─── Information shown

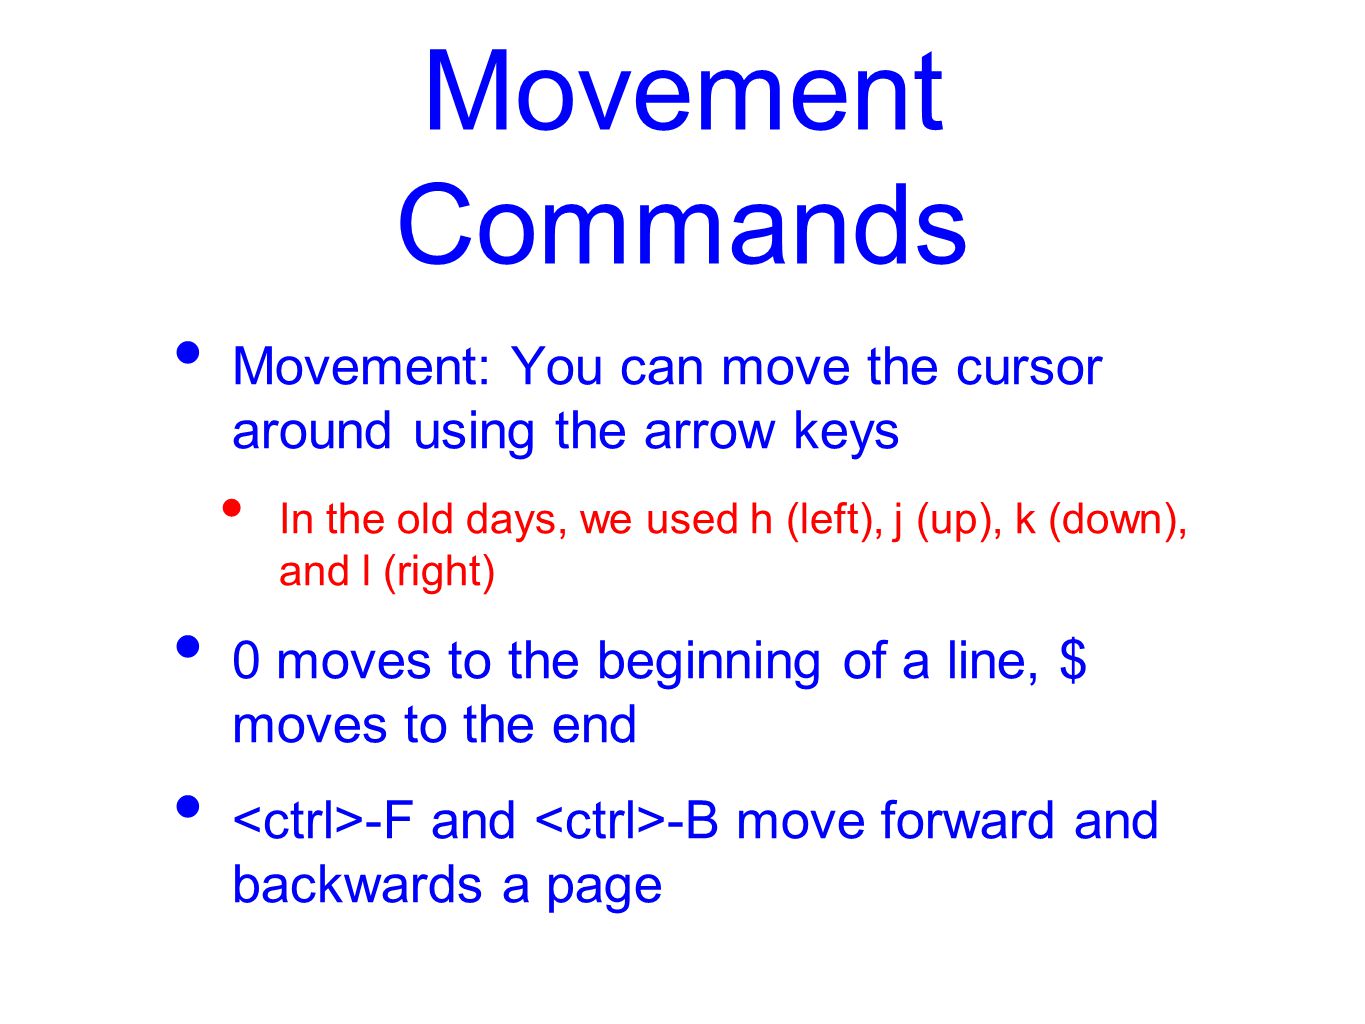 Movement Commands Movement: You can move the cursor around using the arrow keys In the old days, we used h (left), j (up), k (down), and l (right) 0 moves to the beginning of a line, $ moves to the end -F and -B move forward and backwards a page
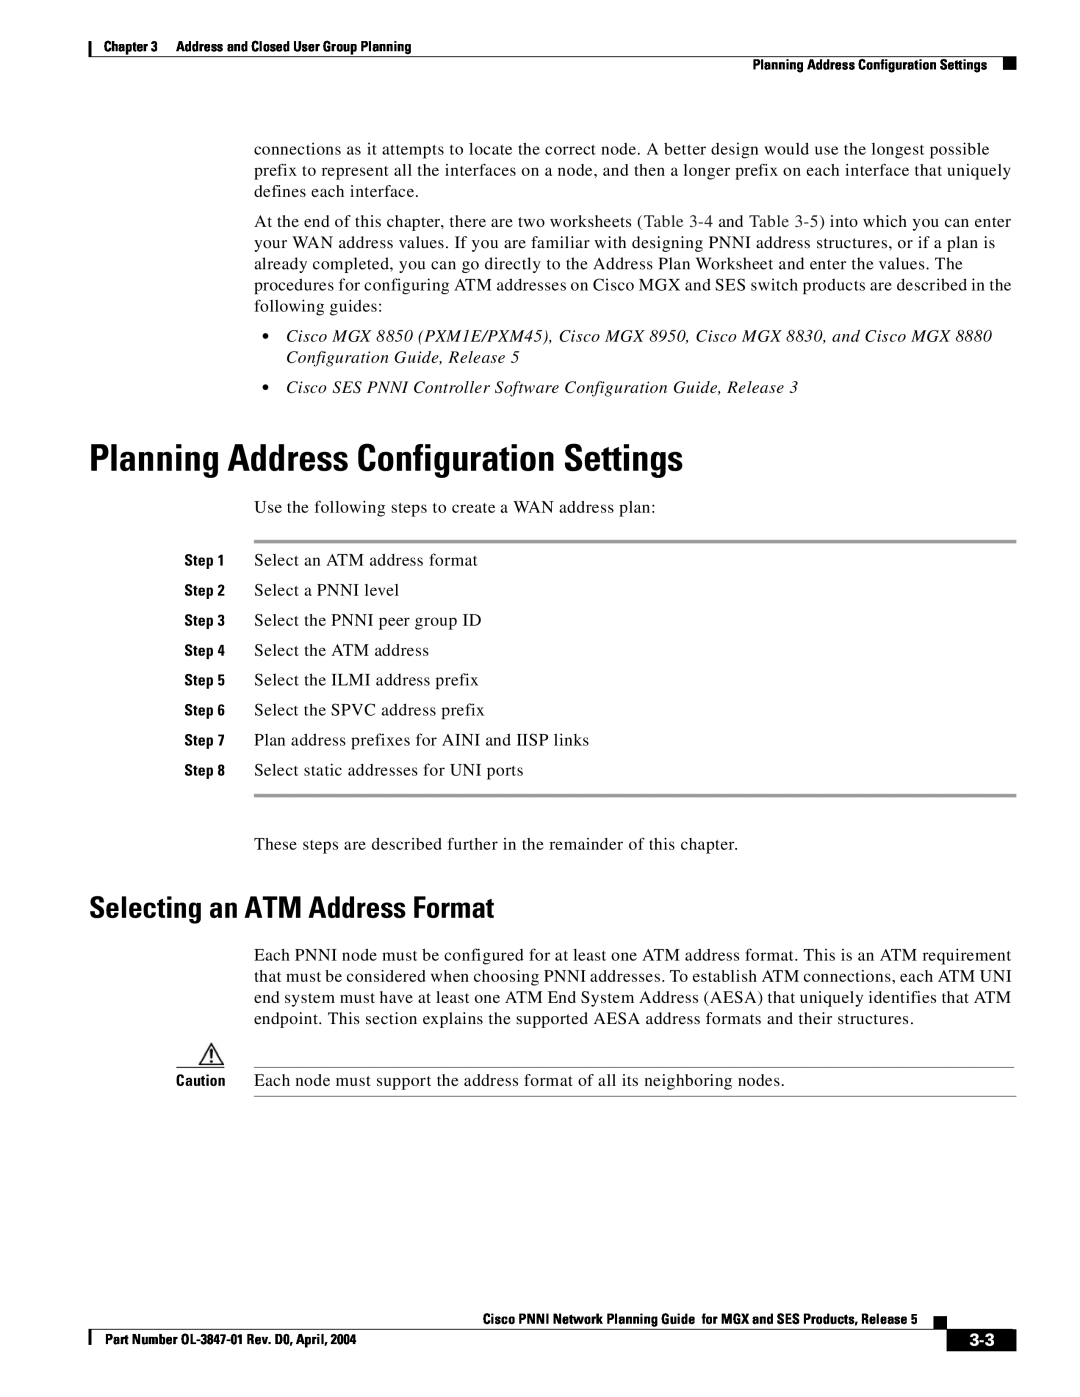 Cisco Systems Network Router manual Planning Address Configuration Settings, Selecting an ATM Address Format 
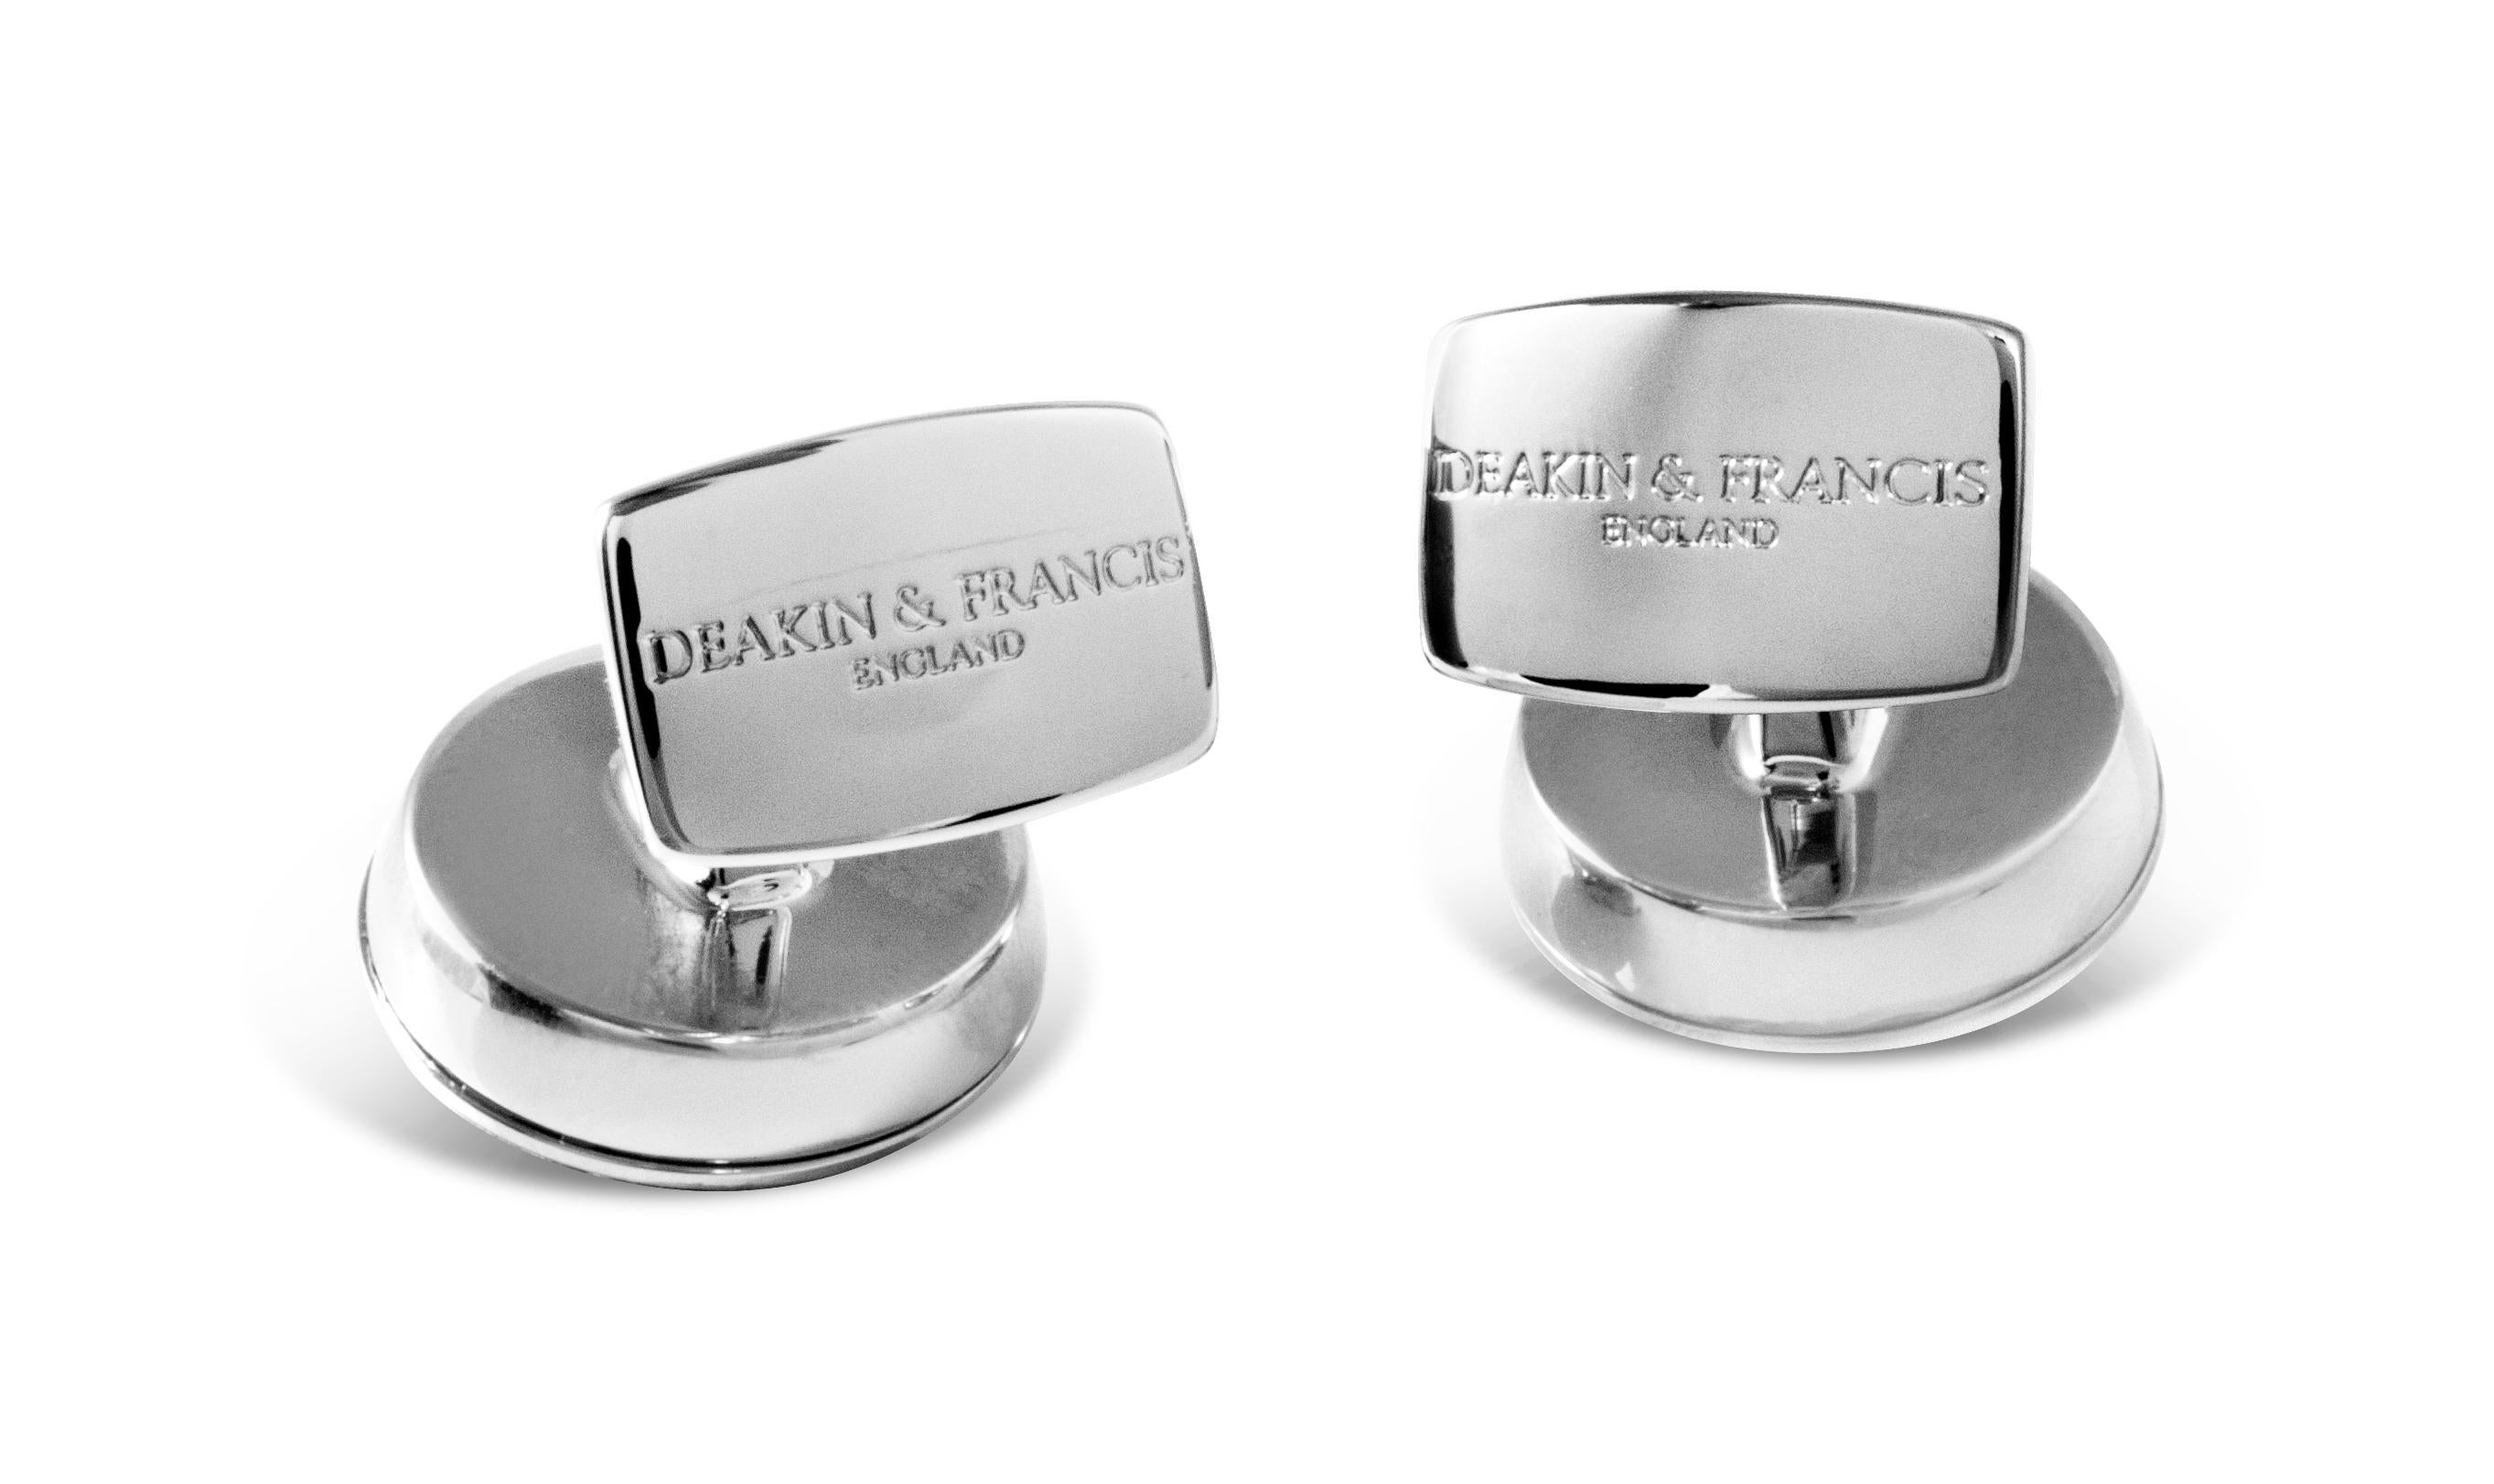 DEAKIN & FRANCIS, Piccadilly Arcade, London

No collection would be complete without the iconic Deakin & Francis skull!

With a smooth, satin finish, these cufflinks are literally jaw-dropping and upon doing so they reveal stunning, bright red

──────

| Directions |
Give the records back exactly. Leave the pictures out.

| Problem solution |
 Movement Commands Movement: You can move the cursor around using the arrow keys In the old days, we used h (left), j (up), k (down), and l (right) 0 moves to the beginning of a line, $ moves to the end -F and -B move forward and backwards a page
 Cisco Systems Network Router manual Planning Address Configuration Settings, Selecting an ATM Address Format 
 DEAKIN & FRANCIS, Piccadilly Arcade, London

No collection would be complete without the iconic Deakin & Francis skull!

With a smooth, satin finish, these cufflinks are literally jaw-dropping and upon doing so they reveal stunning, bright red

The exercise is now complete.